Q: When you played her role in the movie, do you tackle the harder things in addition to her optimism and joyousness?
A: We did want to make sure we covered that. She and her boyfriend went to see a movie about two people with cancer (The Fault in Our Stars). When it was over, she looked at him and said, ‘It was good, but our story is so much better.’

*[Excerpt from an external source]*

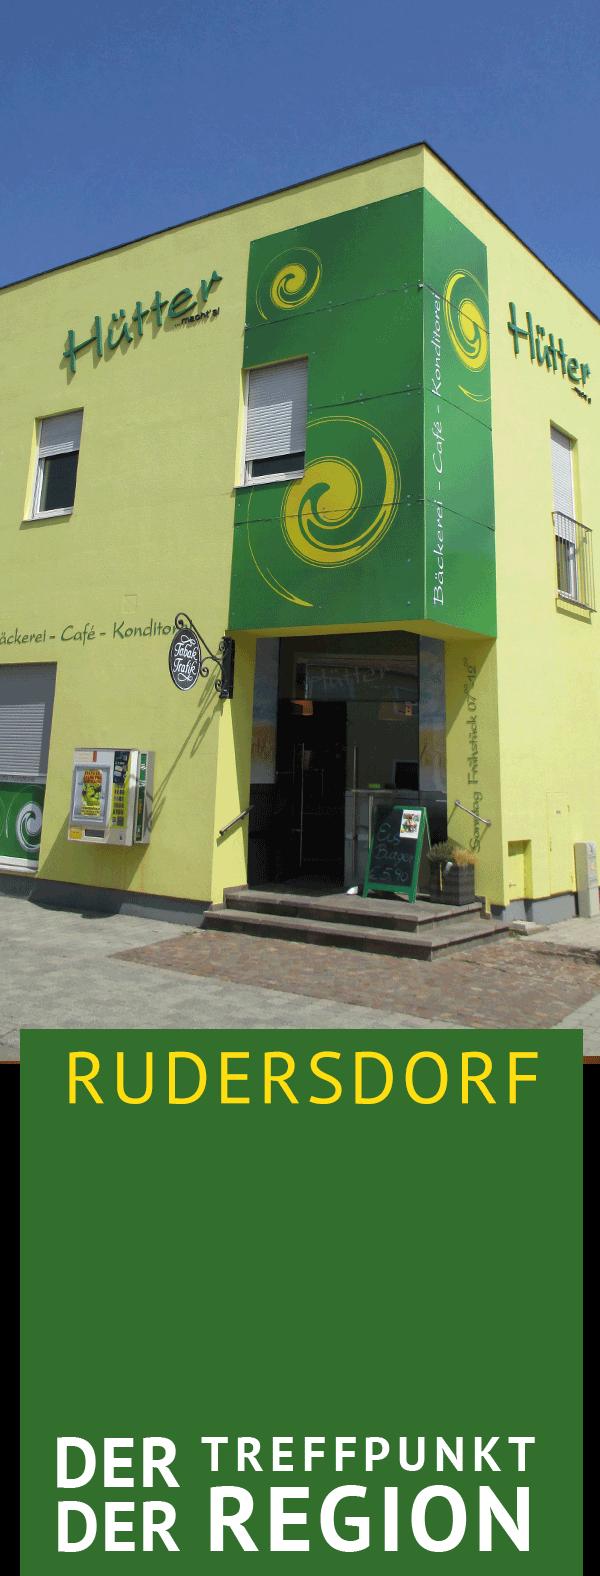 Bäckerei Hütter, Rudersdorf
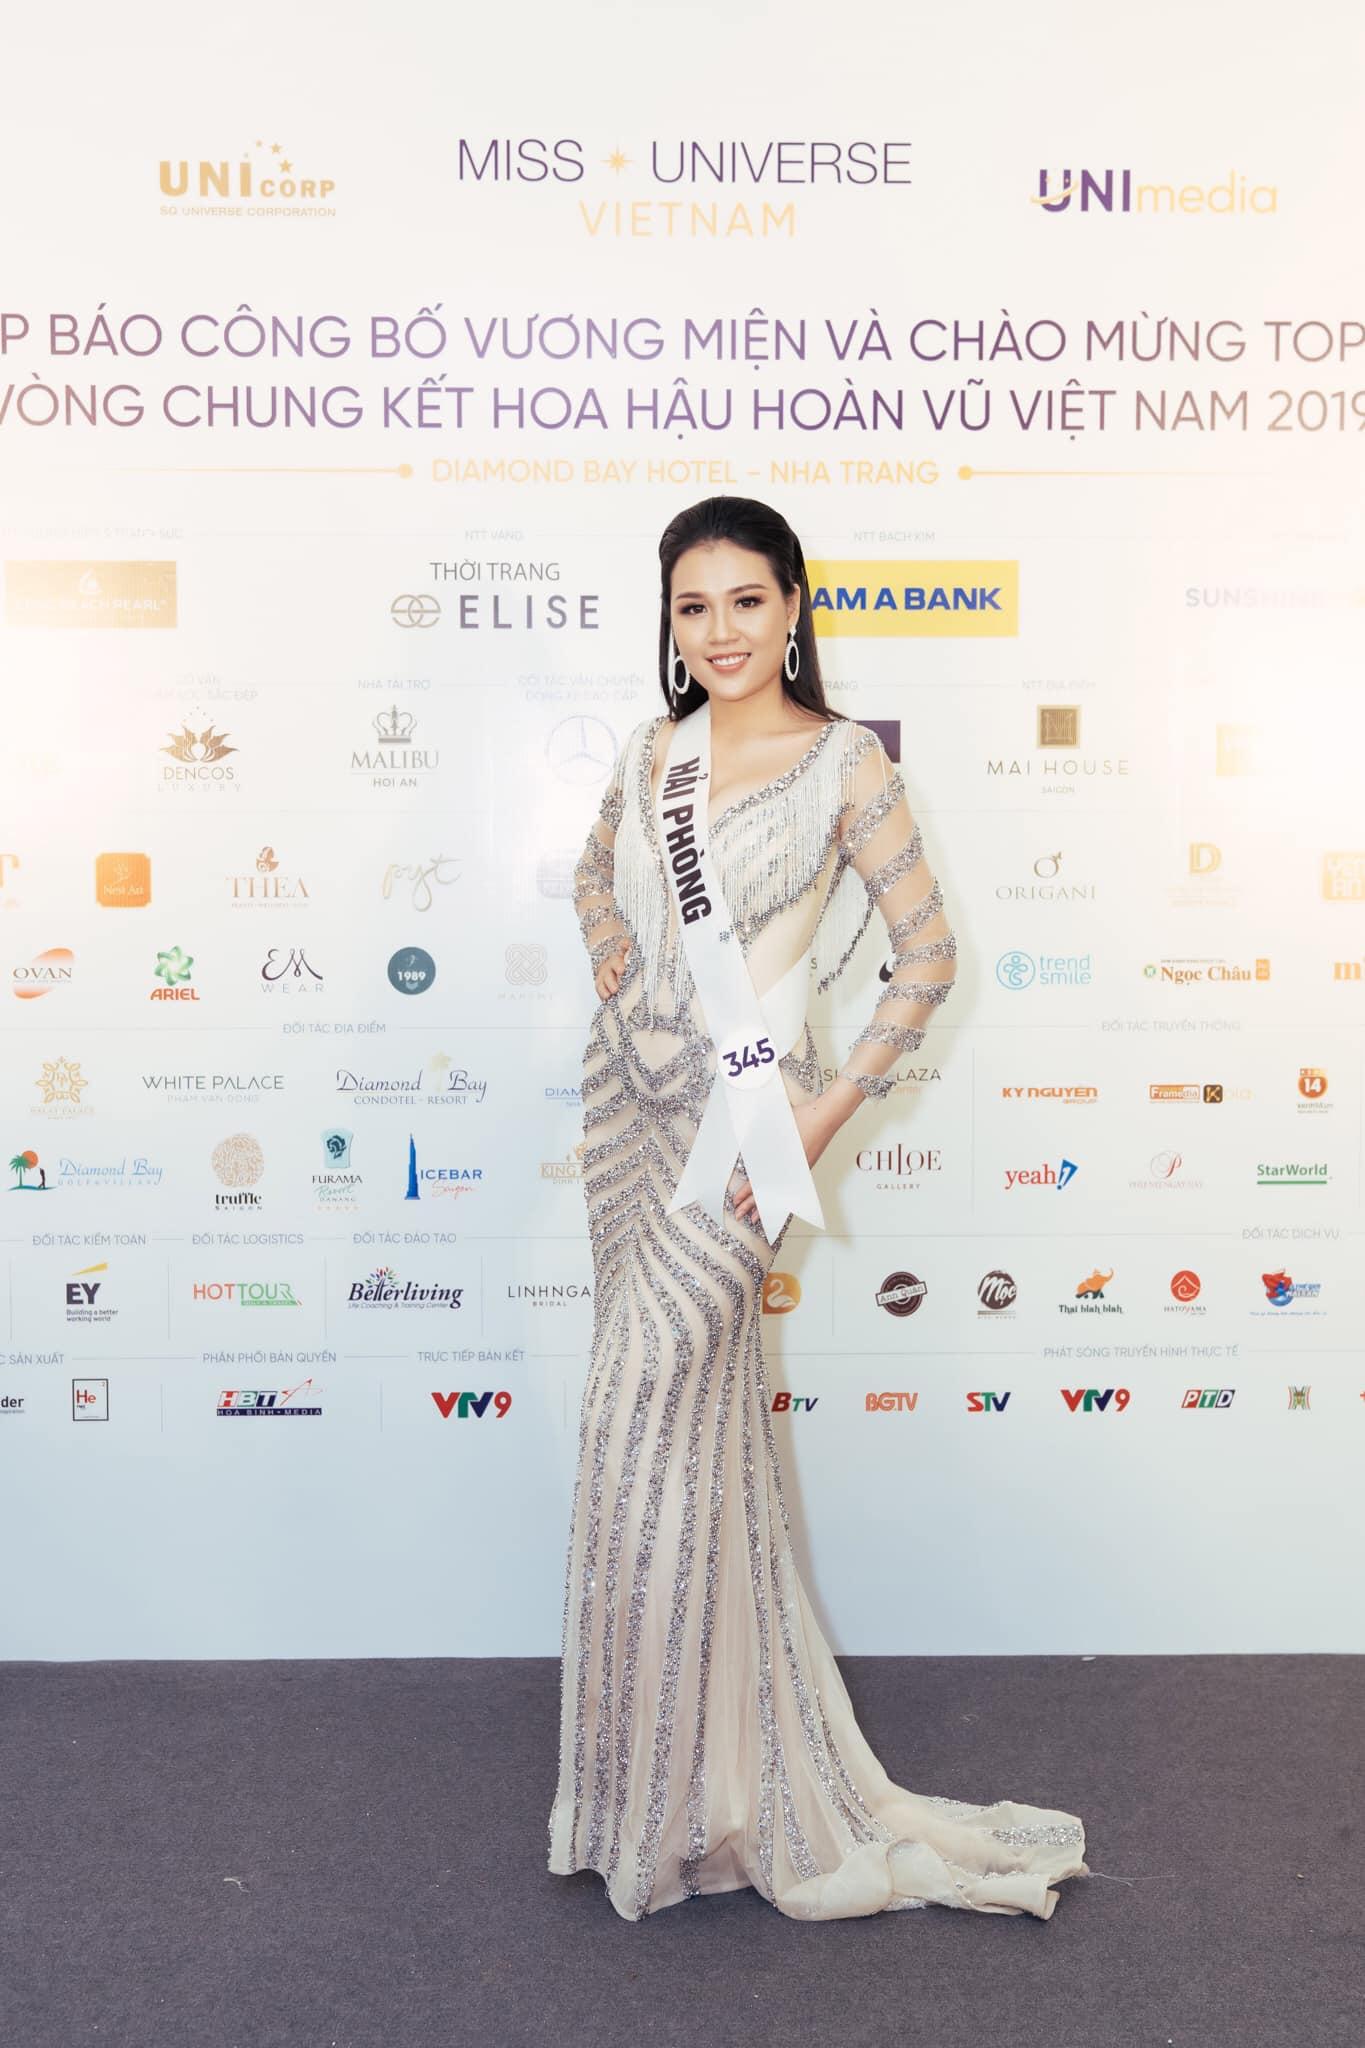 Chu Thị Minh Trang - SBD 345 đến từ Hải Phòng

But she also said she found the actors in the movie who were playing cancer patients didn’t look sick. She thought, that’s not what you look like. That’s not how you feel. She said (the actress) had all her hair, she had her eyebrows. So we wanted to make sure this movie is realistic to what cancer was like for Carley and what cancer is like for most patients. When I was healthy we added small extra eyelashes and when I was sick we got rid of them. I dyed my eyebrows to get rid of them when I was going through chemo. We made sure you see the many moments that are so hard and so difficult to deal with when you’re going through cancer. We have a scene where she tries on her prom dress after she’s gone through chemo. You can see how she reacts when she sees how much weight she’s lost.
Q: This is the question you’ve been asked a hundred times. How hard was it to play your best friend in a movie?
A: Every time people ask they say it must have been so hard. I always say, ‘Look at what Carley did.’ Yes, there were scenes that were emotional, but when we think of Carley we really don’t think of cancer. That’s not what she left us thinking about.
It was trying to get into her mindset of how Carley was feeling when everyone left the room. Carley made sure we all believed she was OK and everything was good and she was feeling great, even though most of the time she wasn’t. She chose to make all of us feel happy. So as an actress trying to bring that to life, you have to think, even after Mom and Dad go to bed, what was she feeling at that point, when there was no one in front of her to make happy? That was hard. That was a lot of work.
Kiss and Cry plays Thursday, March 23 at the Mayfair Theatre, 1074 Bank St. Doors open at 6 p.m., with the screening at 6:30 p.m., followed by a Q&A with Sarah Fisher and other crew members. The screening is a fundraiser for the Ottawa Regional Cancer Foundation.